• PROBLEM TO WORK ON
If you see a picture in the data below, omit it and copy the rest exactly.

(THE DATA)

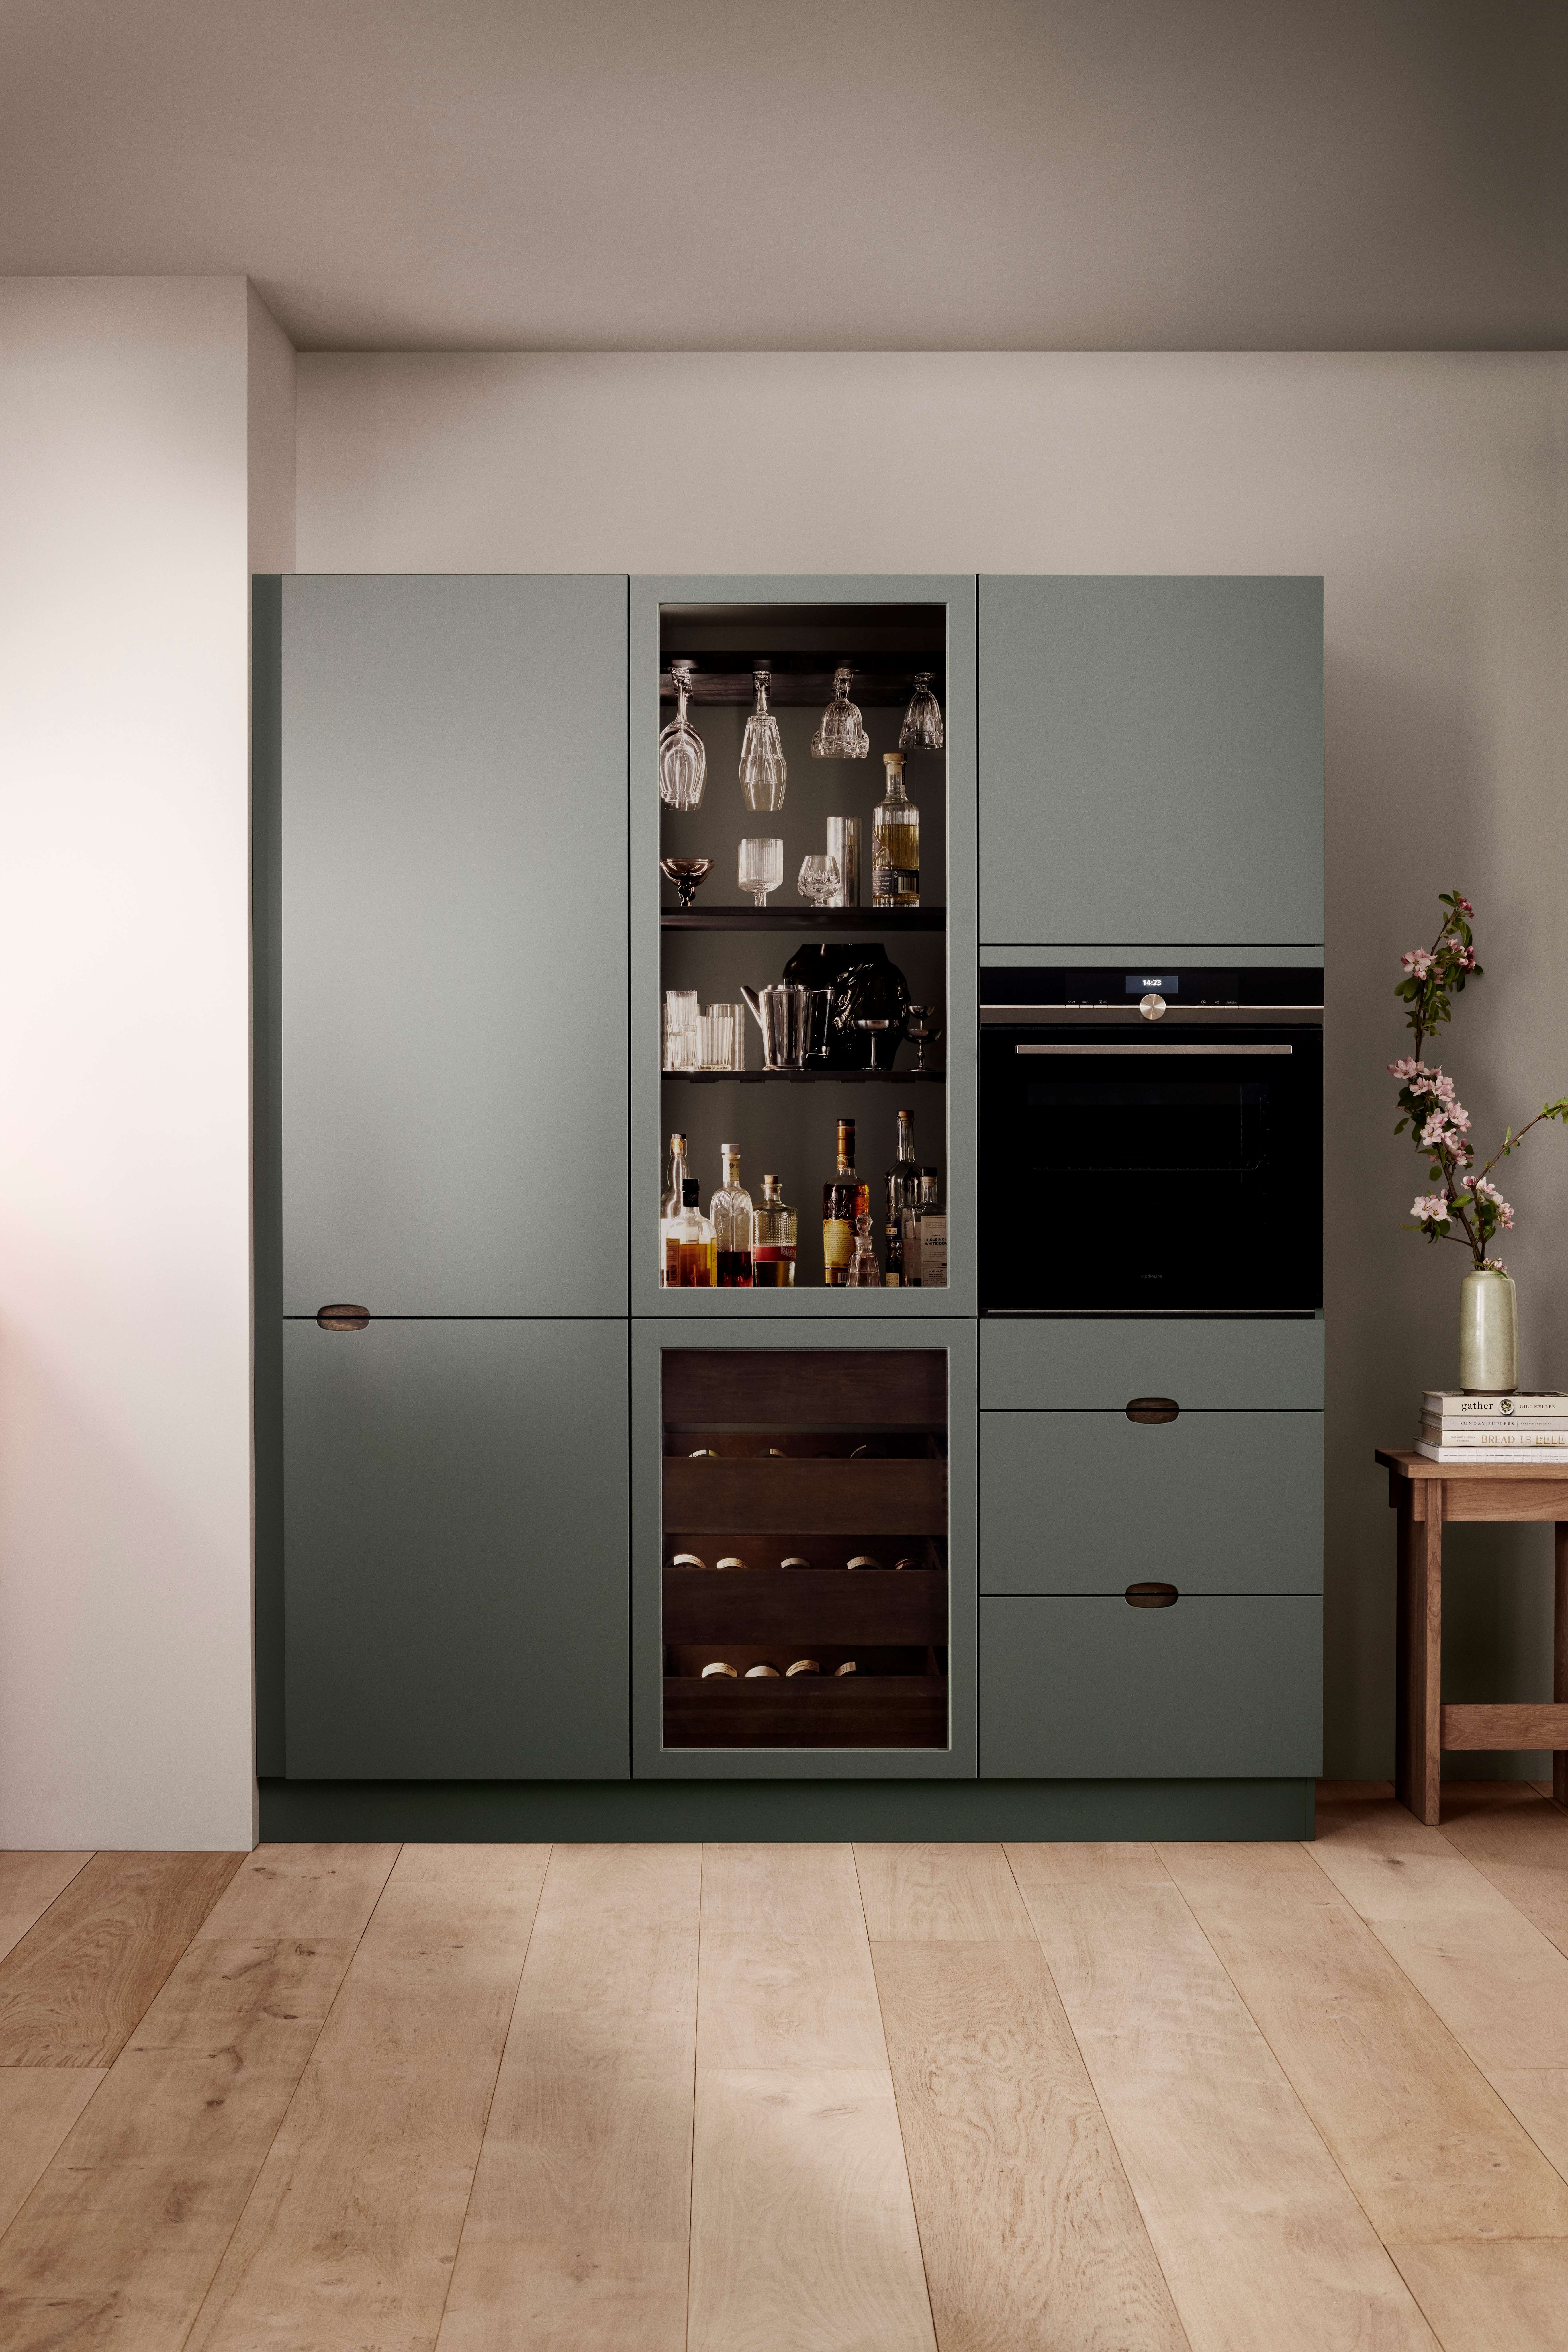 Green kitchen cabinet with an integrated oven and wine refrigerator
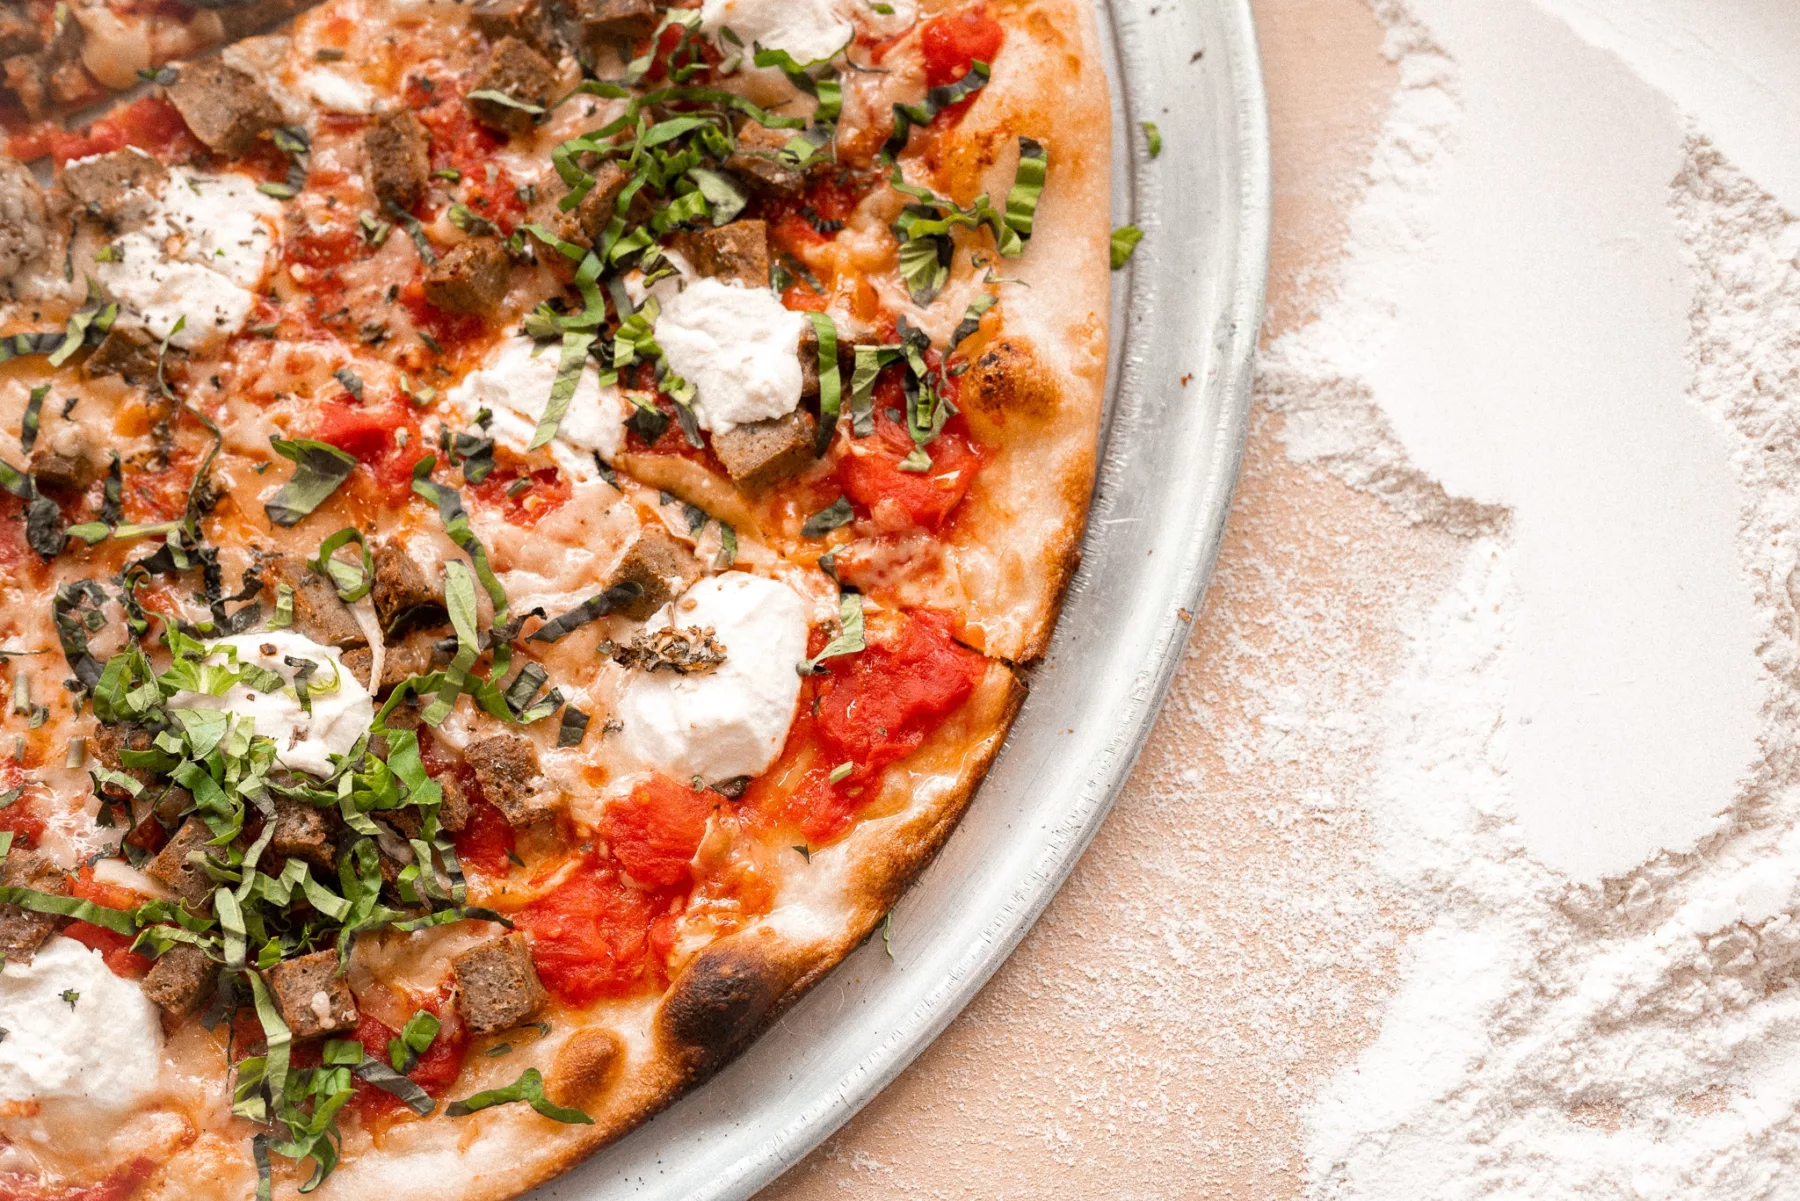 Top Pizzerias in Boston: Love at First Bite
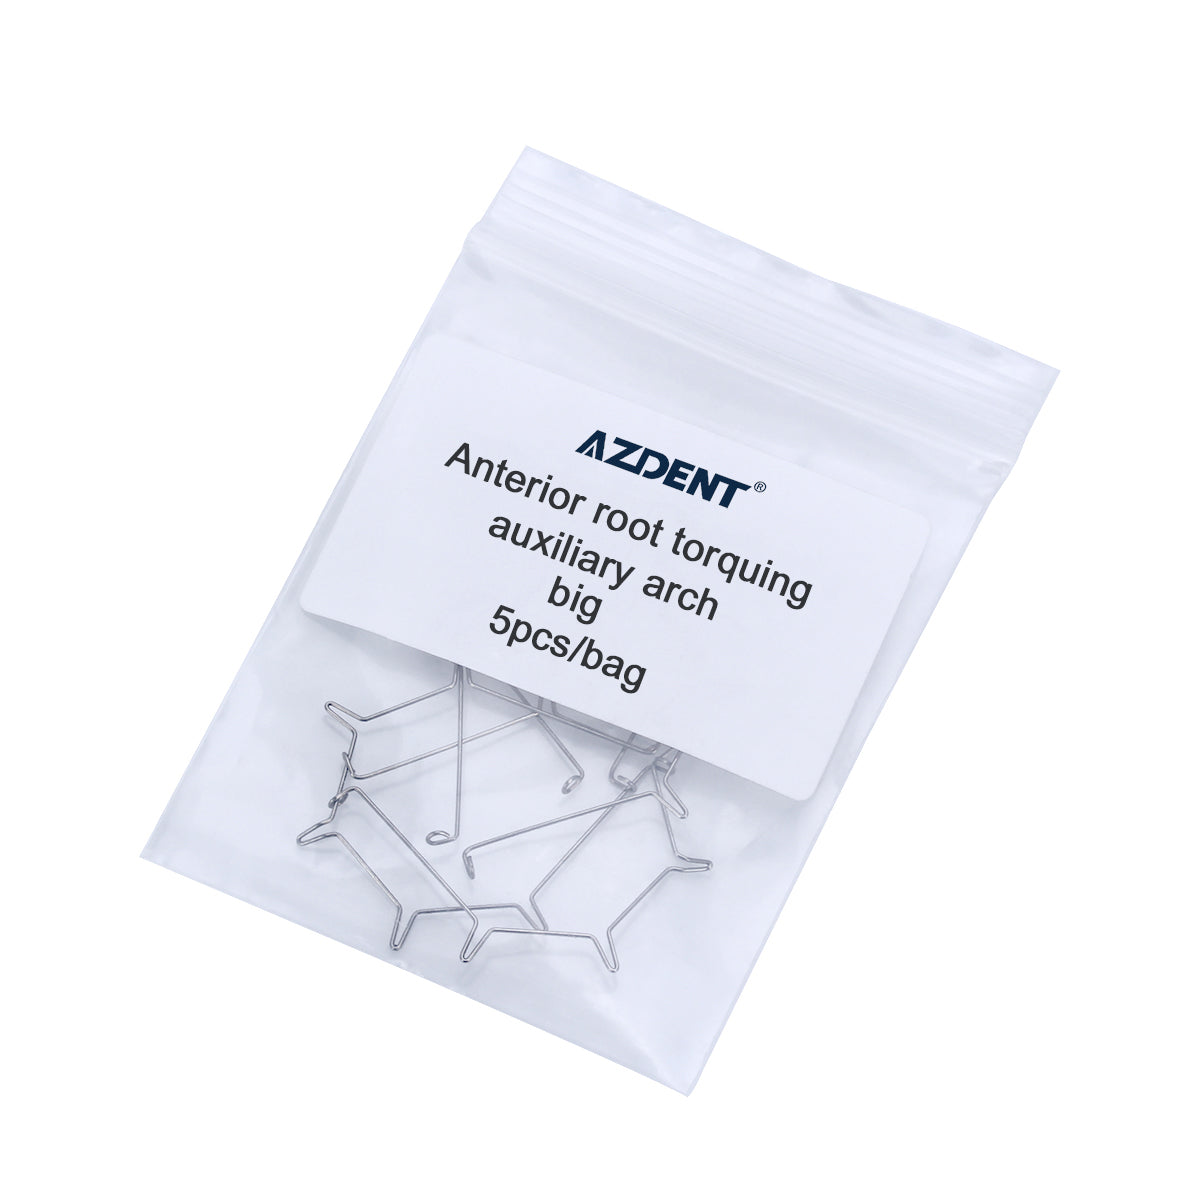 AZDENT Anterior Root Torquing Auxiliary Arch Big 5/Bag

(End THE DATA)

• EXERCISE RESPONSE
 Green kitchen cabinet with an integrated oven and wine refrigerator
 Top Pizzerias in Boston: Love at First Bite
 AZDENT Anterior Root Torquing Auxiliary Arch Big 5/Bag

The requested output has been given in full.